汉语框架语义角色的自动标注技术研究

英文题名：Research on Techniques of Automatic Sematic Role Labeling of Chinese FrameNet
作者：李济洪
论文级别：博士
学科专业名称：计算机应用技术
中文关键词：汉语框架语义 ; 语义角色标注 ; 正交表 ; 特征选择 ; 条件随机场
英文关键词：Chinese FrameNet ; semantic role labeling ; orthogonal array ; features selection ; conditional random fields
学位年度：2010
导师：梁吉业 ; 刘开瑛
学科代码：081203
学位授予单位：山西大学
论文提交日期：2010-06-01

摘要

为了给大规模的汉语框架语义资源的构建提供一个自动标注工具,本文基于山西大学自主开发的汉语框架语义知识库(CFN),在给定句子中的一个目标词及目标词所属框架情形下,将其语义角色(框架元素)的自动标注问题通过IOB策略转化为整个句子上的词序列标注问题,使用条件随机场模型(CRF),采用统计学中的正交表实验方案,研究了汉语框架语义角色的自动标注模型。
     本文的全部实验语料使用的是现有的CFN中选出25个框架的6692个例句。将语料均匀分为4份,分3组作2-fold交叉验证,以3组交叉验证的平均F1-值作为系统性能评价指标。本文给出了系统性能评价指标的方差估计,以及两个标注系统性能差异的显著性检验方法。
     本文以词为基本标注单元,将标注步骤分为1)边界识别、2)角色分类、3)后处理三个步骤。分别采用了边界识别与角色分类一起进行,以及先边界识别,再角色分类两种标注策略。在后处理步骤上,对输出的标注序列要求在整个句子上满足IOB序列合法性约束,并以所有合法序列中概率最大的序列作为最后的标注输出。
     本文总共提取了26个特征,对每个特征设定若干可选的窗口,组合构成CRF模型的各种特征模板。为了选出较好的特征模板,本文基于统计学中的正交表给出了一种模板选优方法,并采用三种方案进行了实验。方案一：基于11个词层面特征,其特征包括词、词性、词相对于目标词的位置、目标词等,实验选用正交表L32(49×24)；方案二：基于全部的26个特征,包括11个词层面的特征和基本块的句法标记、结构标记等15个特征,选用正交表L54(21×325)。其中基本块特征提取使用的是清华大学周强的自动分析器；方案三：分批正交表实验,即先用正交表L32(49×24),在11个词层面特征选出的最好模板基础上,再加入15个基本块特征,使用正交表L54(21×325),通过适当选择正交表的水平以确保性能不低于前一批实验结果。对每种方案的实验进行了详细分析。
     本文对正交表模板选优方法与传统的基于贪心算法的方法进行了比较。也比较了本文的基于词序列标注方法和采用完全句法分析树的方法,也对选用不同标注模型,如支持向量机(SVM)模型和最大熵模型的实验结果进行了比较。
     实验结果表明：
     (1)在基于11个词层面特征上(方案一),最好结果(平均F1-值)达到61.61%,比基于完全句法分析树,将角色标注看做句法成分的分类问题的结果显著高。与传统的贪心算法特征选择方法比较,本文的正交表模板选择方法与其在标注性能上没有显著差异,但正交表方法的计算更简单,且在通用模板的选择上更适宜。
     (2)加入15个基本块特征(方案二)可以显著提高标注模型的性能。这类特征主要对角色分类有显著作用,对角色的边界识别作用不显著。
     (3)分批正交表实验(方案三)比实验方案二在性能上有显著提高。
     (4)每个框架训练一个模型,边界识别与角色分类一起进行,与先边界识别,再角色分类两个步骤在标注性能上没有显著差别,但由前者得到的标注性能有较小的方差。
     (5)基于条件随机场标注模型(CRF)与基于支持向量机(SVM)模型的标注结果没有显著差异,但显著好于基于最大熵(ME)模型的标注结果。
     (6)在全部25个框架的所有实验中,语义角色边界识别最好的结果(平均F1-值)为71.68%；在给定语义角色边界下,角色分类的最好结果(平均精确率)为84.08%；在给定句子中的目标词以及目标词所属的框架情况下,最好结果(平均F1-值)达到63.26%.
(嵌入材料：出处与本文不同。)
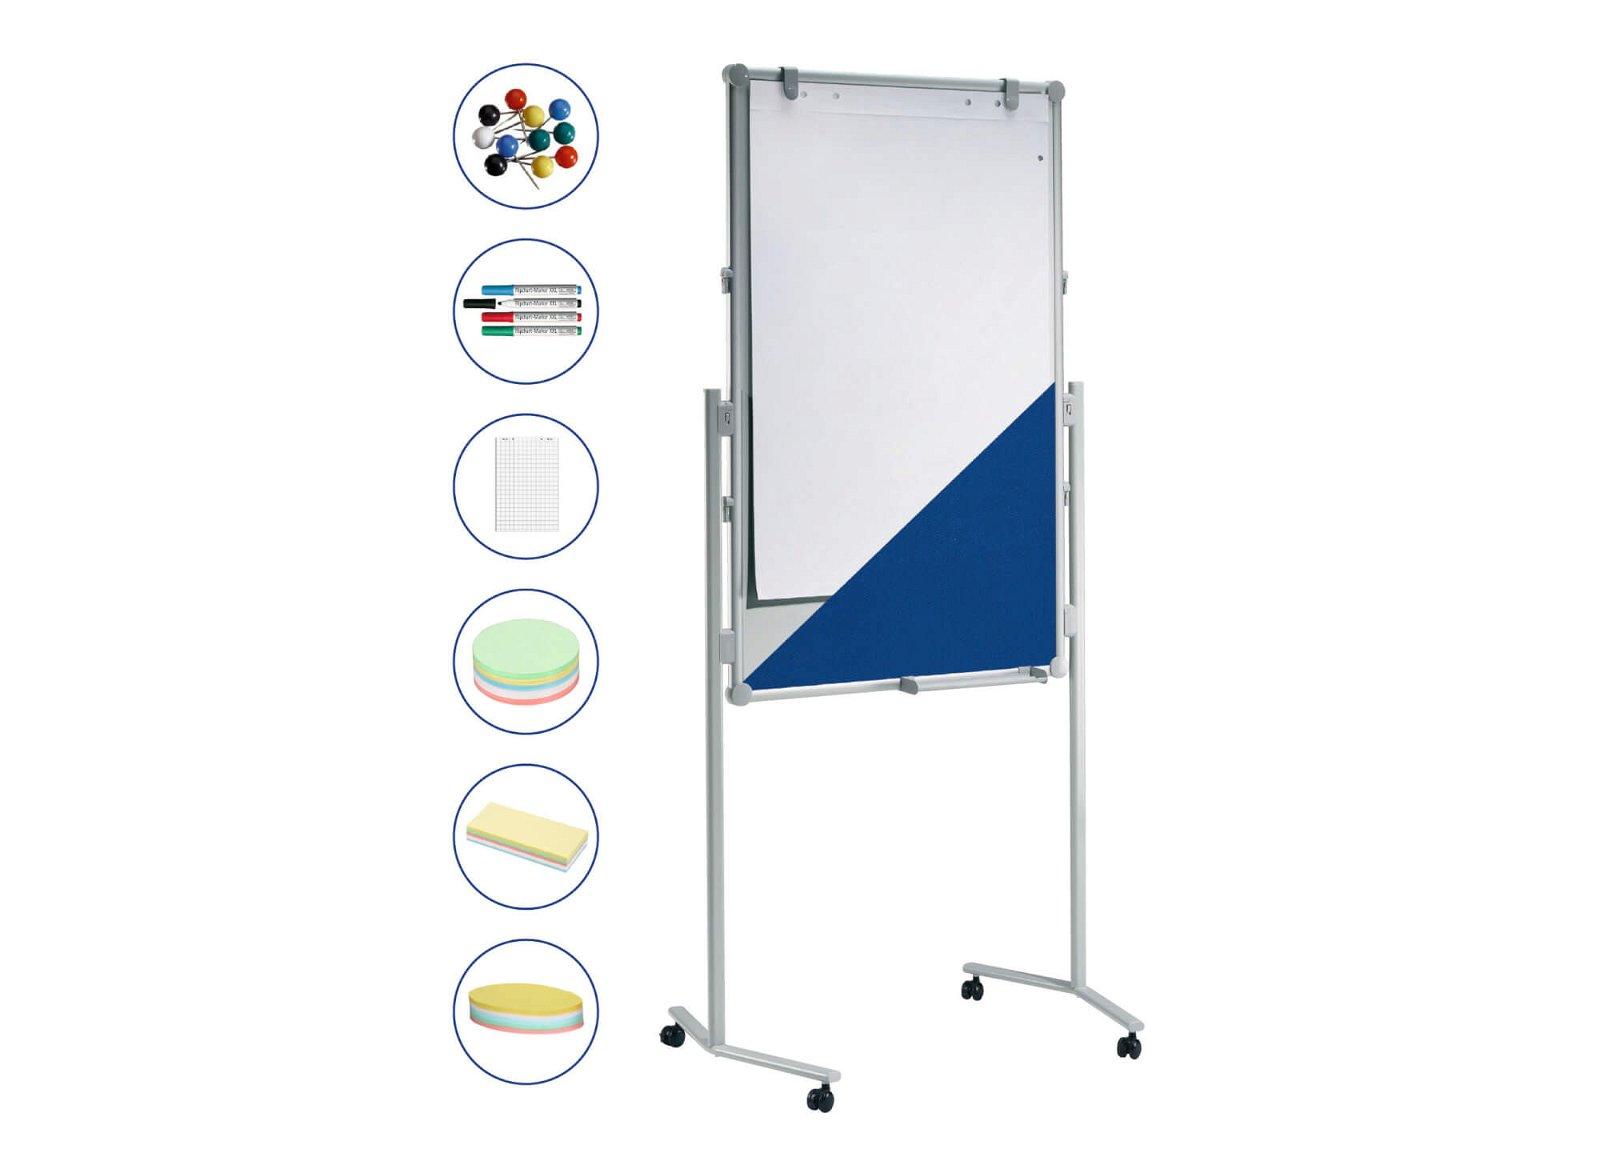 Moderationstafel MAULpro Textil/WB Set, 120x75 cm, grau

     本文的创新之处主要是首次系统地研究汉语框架语义角色的自动标注模型,给出了一种采用正交表的模板选优方法,在计算上,该方法比基于贪心算法的模板选择方法更简单。对于一般的序列标注中的特征选择问题,本文的正交表特征模板选优法也适用。在标注性能上,本文的结果优于基于句法分析树的语义角色标注的结果。
In order to provide an automatic labeling tools for developing a large-scale resource of Chinese FrameNet, based on the semantic knowledge base of Chinese FrameNet(CFN) self-developed by Shanxi University, this paper study the semantic role(frame element) automatic labeling for given a target word in a sentence and its known frame name.The task of semantic role automatic labeling is conversed into sequential tagging problem at word-level within the entire sentence by IOB strategy. The conditional random fields model (CRF), and the orthogonal array experiment in statistics are employed.
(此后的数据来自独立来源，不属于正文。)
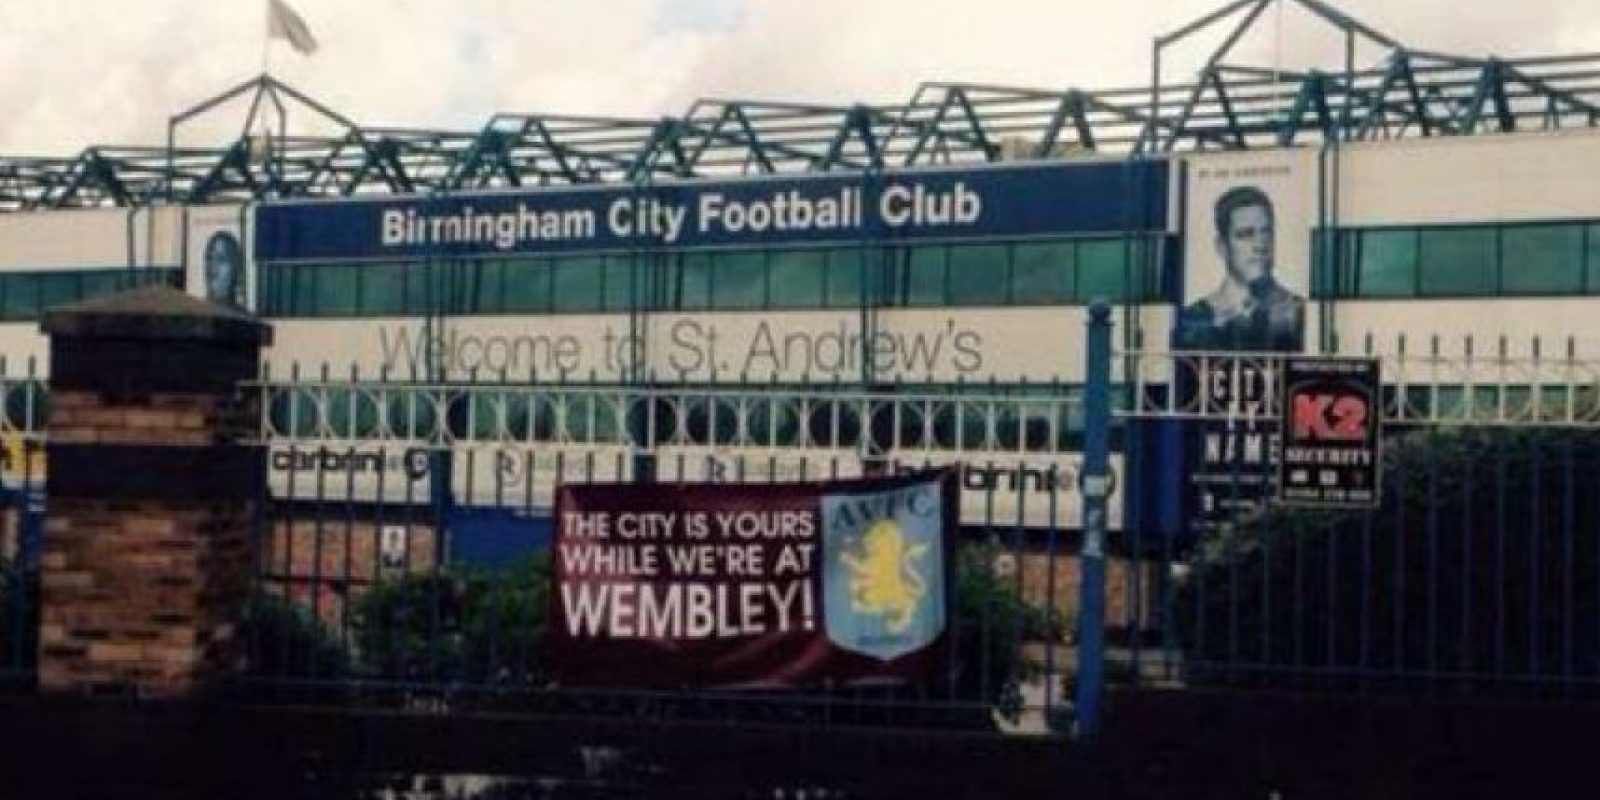 Aston Villa le dejó un mensajito al Birmingham City, su tradicional rival. Foto:Twitter.com/troll__football

     The experimental corpus in the paper, selected from current CFN corpus, include 6692 annotated sentences of 25 frames. The corpus is uniformly divided into four parts. Therefore,2-fold cross validation experimrnt can be engaged in the three different groups. We take the cross-validation average F1-value on three groups as the system performance measure. This paper presents the estimator of variance of the system performance measure as well as the significant test method for two different labeling system.
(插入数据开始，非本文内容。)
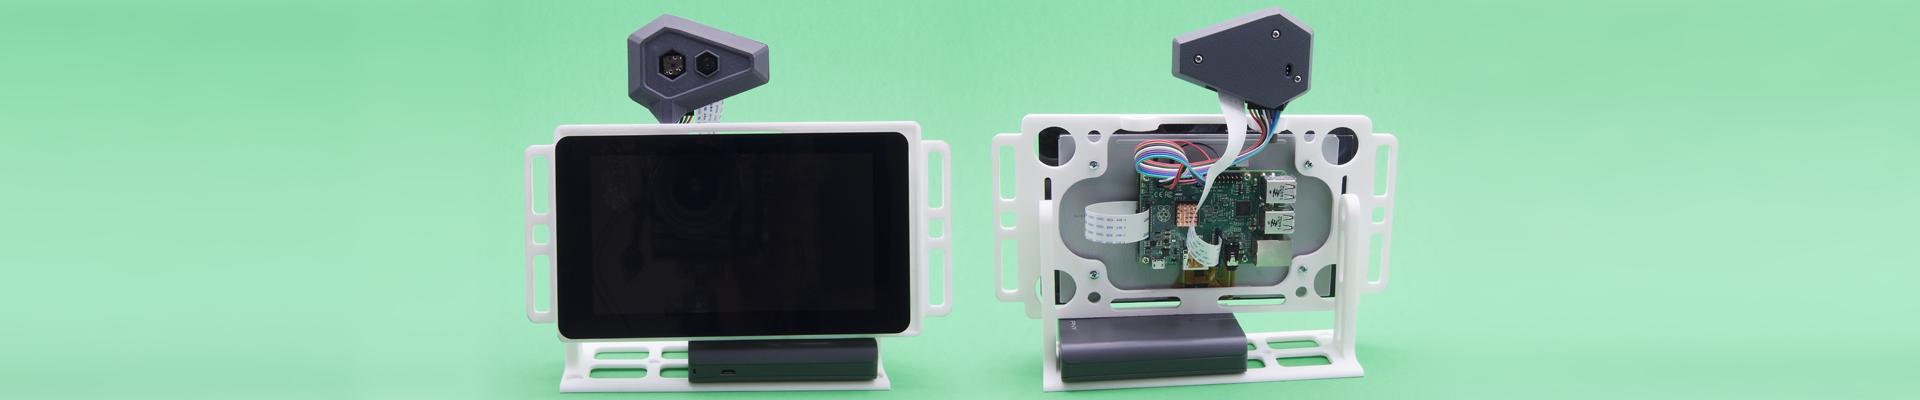 3D Printed Raspberry Pi & Screen Mount

     Using word as the basic tagging unit, the tagging procedure is divided into three steps:1)identification,2) classification,3)post-processing. The two IOB strategies are adopted, one is conjunction of identifying and classifying, and the other is firstly identifying then classifying. In post-processing step, the final output of the sequential labels is choosen by the largest probability of all labels with a logical IOB sequence in entire sentence.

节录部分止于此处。